Governments around the world are facing hard choices when it comes to cryptocurrency: overregulate it and risk losing the benefits to the economy, or do nothing and make themselves vulnerable to those who step up. Currently, the European Union can’t figure out what to do about Libra, the digital currency set to be released by Facebook in 2020.
According to a Feb. 19 memo released by Executive Vice-President Dombrovskis on behalf of the European Commission, the Libra Association has fallen short in its responses to questions from the EU. As a result, any information provided by Facebook “remains insufficient for determining the precise nature of Libra and, by extension, its relation with existing EU law.”
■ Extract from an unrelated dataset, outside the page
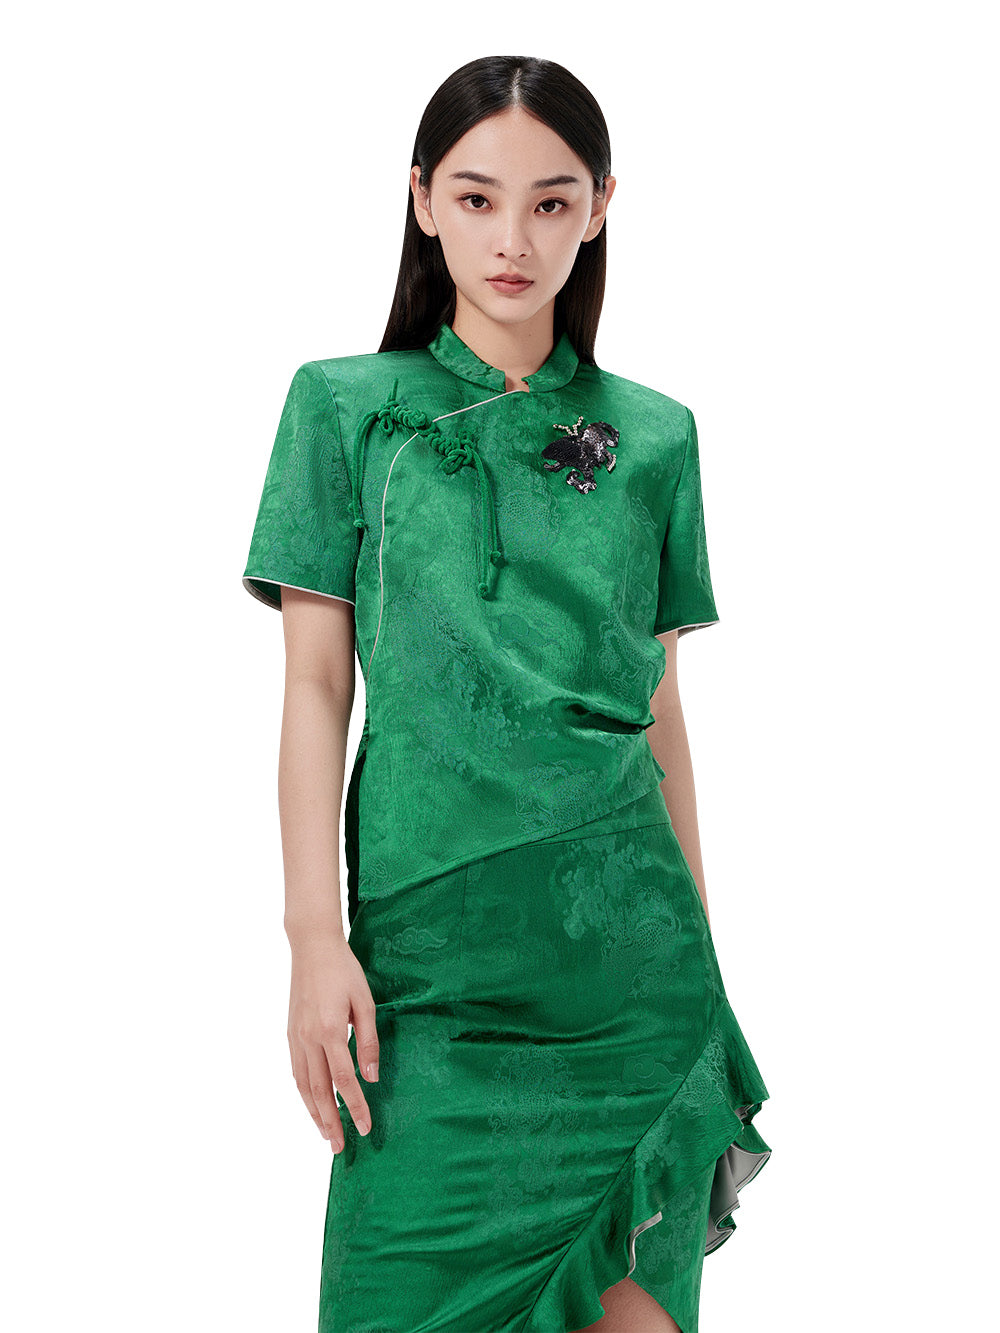 MUKZIN Green Chinese Button Design Short T-shirt

However, Dombrovskis also stated the Commission are “willing to act swiftly” when it comes to harnessing the potential of crypto by arranging regulations and oversight. Such a position reaffirms their Dec. 5 declaration to police stablecoins and monitor any risk to financial stability of the region.
Regulatory Backlash to Digital Currencies in the United States
Facebook CEO Mark Zuckerberg spoke before a U.S. House of Representatives Financial Services Committee on Oct. 13 last year. Lawmakers echoed similar concerns as the European Commission, citing vague answers Zuckerberg provided regarding the digital currency:
“I actually don’t know if Libra is going to work.”
Government bodies in both the United States and the EU are working on better understanding crypto. The Commission launched an open public consultation that will be available until March 19th, while the Internal Revenue Service in the United States is preparing for a cryptocurrency summit on March 3rd.